To calculate mucosal to serosal flux rates, collect 0.75 milliliter aliquots from the serosal reservoir, replacing them with identical volumes of the bath medium to prevent hydrostatic pressure differences across the mucosa. To quantify the tritiated 5-HT accumulated in the tissue, remove the mucosa from the slider. Wash it once with ice-cold KRB buffer and place it in a glass culture tube.
Incubate the mucosa in 0.5 milliliters of 10%KOH overnight at 37 degrees Celsius to lyse the tissue. Then, measure the radioactivity in 150 microliter aliquots of the lysates in triplicate using a liquid scintillation counter. Using the Bradford method, measure the protein concentration in three to five microliter aliquots of the lysates.
Shown here are Caco-2 cysts grown in 3D culture stained for actin and Caco-2 3D cysts stained simultaneously for actin, nuclei and SERT protein. SERT is visible in the luminal membrane and in subapical compartments. To further confirm the advantage of Caco-2 3D spheres over 2D Caco-2 monolayers, western blot analysis of SERT protein expression was performed.
The results showed the enhanced expression of SERT protein in Caco-2 3D spheres compared to 2D Caco-2 cells. Finally, a Ussing chamber system was used to show the TGF beta increases mucosal to serosal flux, reflecting increased 5-HT uptake from the luminal membrane and enhanced 5-HT accumulation observed in the ileal mucosa. Such findings are supported by the observed sensitivity of 5-HT uptake to fluoxetine treatment that corresponds to SERT expression on the luminal membrane.
Once mastered, this technique of stripping and mounting the ileal mucosa can be completed in 15 minutes. While adopting this procedure, it's important to remember that upon removal from the animal, the extravio intestinal preparation has limited viability and it may last for up to three hours. 3D Caco-2 cysts could be utilized for various studies such as membrane trafficking events, gene expression, or protein-protein interaction of epithelial transporters.

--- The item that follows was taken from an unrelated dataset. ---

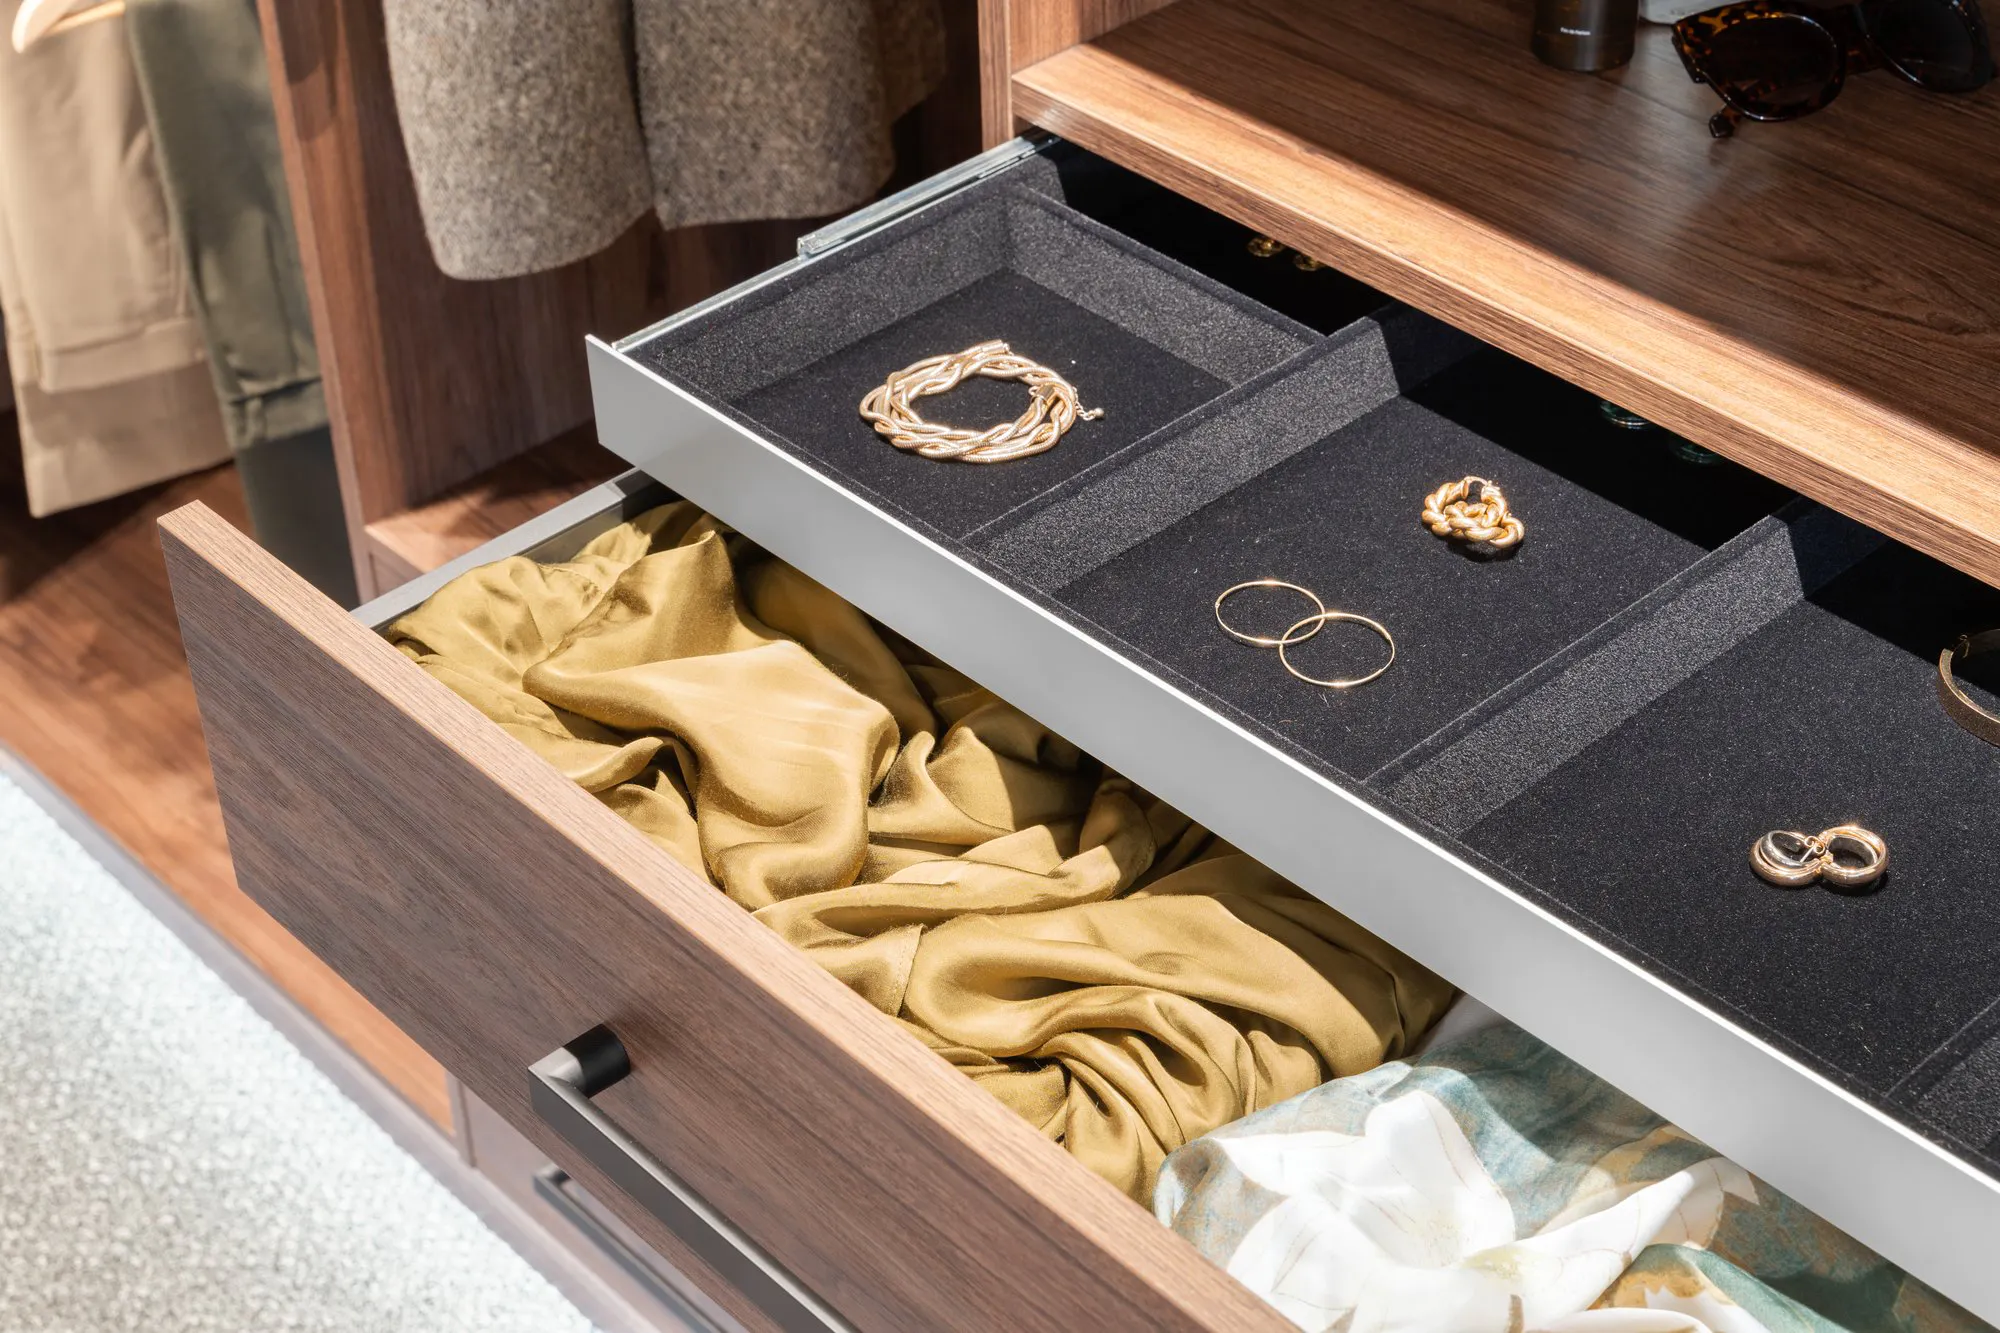 Jewellery drawer in a wardrobe is open showing earrings and bracelents

After its development, the 3D Caco-2 technique paves the way for researchers in the field of intestinal transport to explore fluid movement and to study the pathophysiology of darial diseases. Do not forget that working with radioactivity can be extremely hazardous, and precautions, such as the use of PPE and proper decontamination procedures should always be taken. After watching this video, you will be able to grow Caco-2 cells in 3D cultures and to utilize these cultures to investigate epithelial transporter expression.
You will also be able to utilize the Ussing chamber to study serotonin transport function in the native mouse intestine.